Jeffrey, S., Richards, J., Ciravegna, F., Waller, S., Chapman, S. & Zhang, Z., 2009 ‘When ontology and reality collide: the Archaeotools project, faceted classification and natural language processing in an archaeological context’. In Jerem, E. & Szevere´nyi, V. (Eds.), 2009 ”On the road to reconstructing the past”, Proc. 36th Int. Conf. on Computer Applications and Quantitative Methods in Archaeology (CAA), Budapest, Hungary, 2008. Forthcoming 2009.

Abstract:

As a direct result of a successful proof of concept demonstrator for a faceted classification browsing system for archaeological records, ‘Archaeobrowser’, the Archaeology Data Service (ADS) and the Natural Language Processing Research Group at the University of Sheffield have embarked on a further project, named ‘Archaeotools’. Archaeotools is funded by the UK’s e-Science Research Grants Scheme which itself is a collaboration between three major funding bodies, the AHRC, the EPSRC and the JISC. This project represents the first UK service implementation of a faceted classification system in an archaeological context, specifically to enhance the ADS’s ArchSearch facility moving the search paradigm away from the search box approach towards a more intuitive and informative faceted browser system. Archaeotools is also using natural language processing to tackle the problem of unstructured, but highly valuable, archaeological data by automatically extracting metadata from legacy datasets such as ‘grey literature’.

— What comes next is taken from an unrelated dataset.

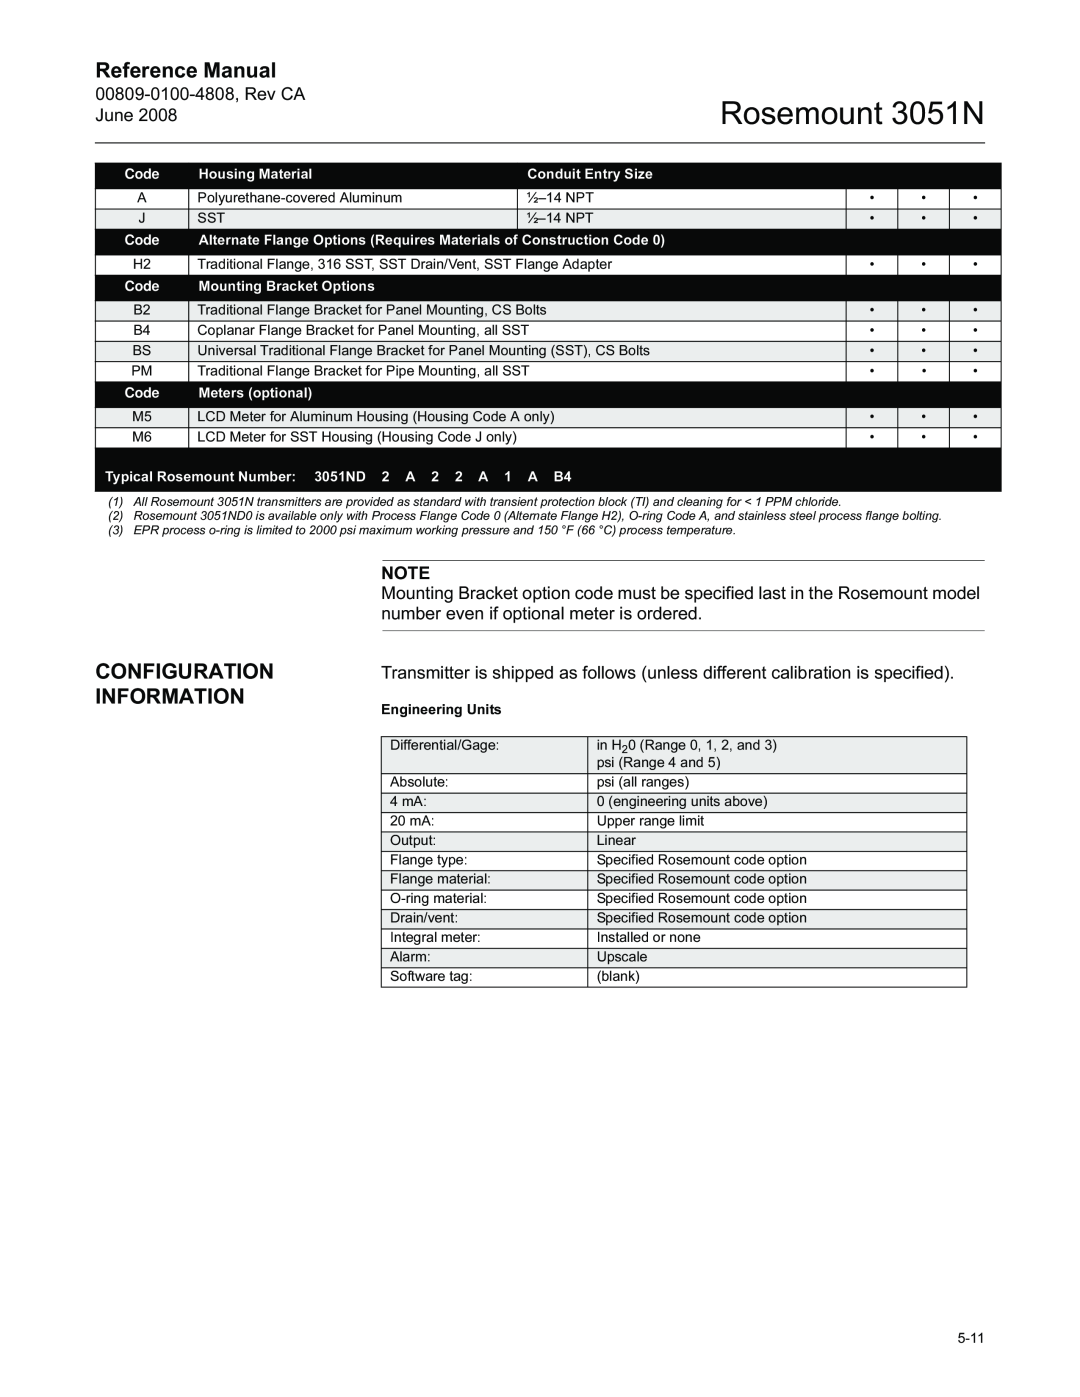 Emerson manual Configuration Information, Rosemount 3051N, Reference Manual 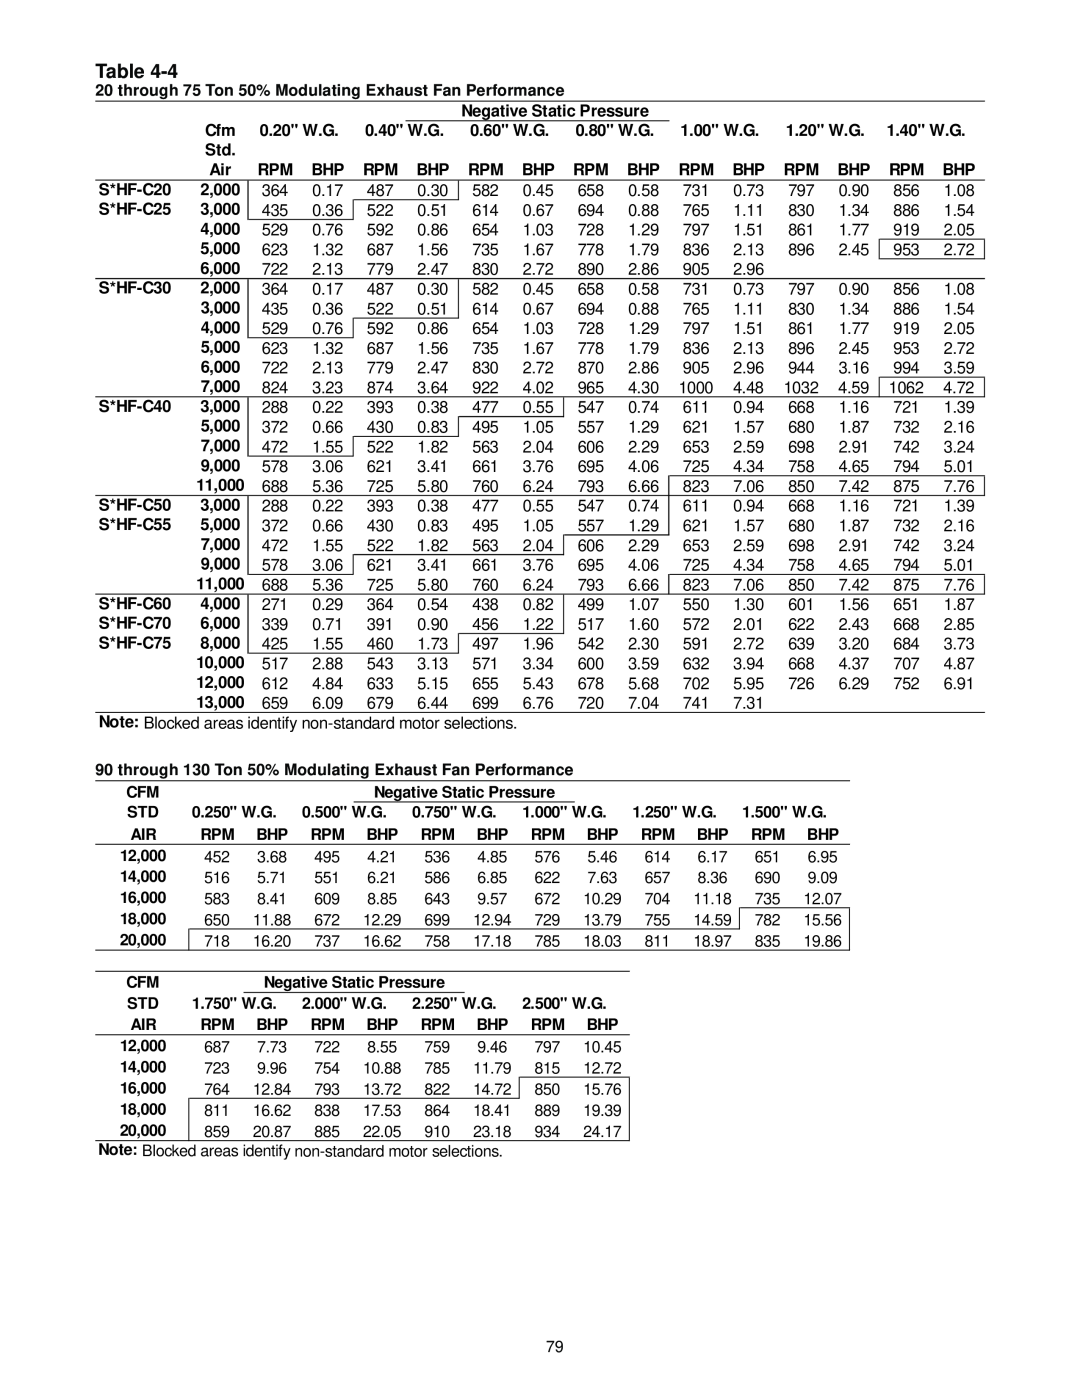 Trane RT-SVX10C-EN specifications Table, Negative Static Pressure

The Archaeology Data Service and the Archaeotools project: faceted classification and natural language processing. Published 2010.

Richards, J.D., Jeffrey, S., Ciravegna, F., Waller, S., Chapman, S., and Zhang, Z., 2010 ‘The Archaeology Data Service and the Archaeotools project: faceted classification and natural language processing’. In Whitcher-Kansa, S., Kansa E.C. & Watrall, E. (Eds.), in press 2009 ”Archaeology 2.0 and Beyond: New Tools for Collaboration and Communication”, Los Angeles: Cotsen Institute of Archaeology.

Integrating archaeological literature into resource discovery interfaces using natural language processing and name authority services. IEEE/All hands 2009.

Jeffrey, S., Richards, J., Ciravegna, F., Waller, S., Chapman, S. & Zhang, Z., 2009 Integrating archaeological literature into resource discovery interfaces using natural language processing and name authority services. In ”The Proceedings of the 5th IEEE International Conference on e-Science” (Oxford, UK, 9-11 December 2009). Forthcoming 2009.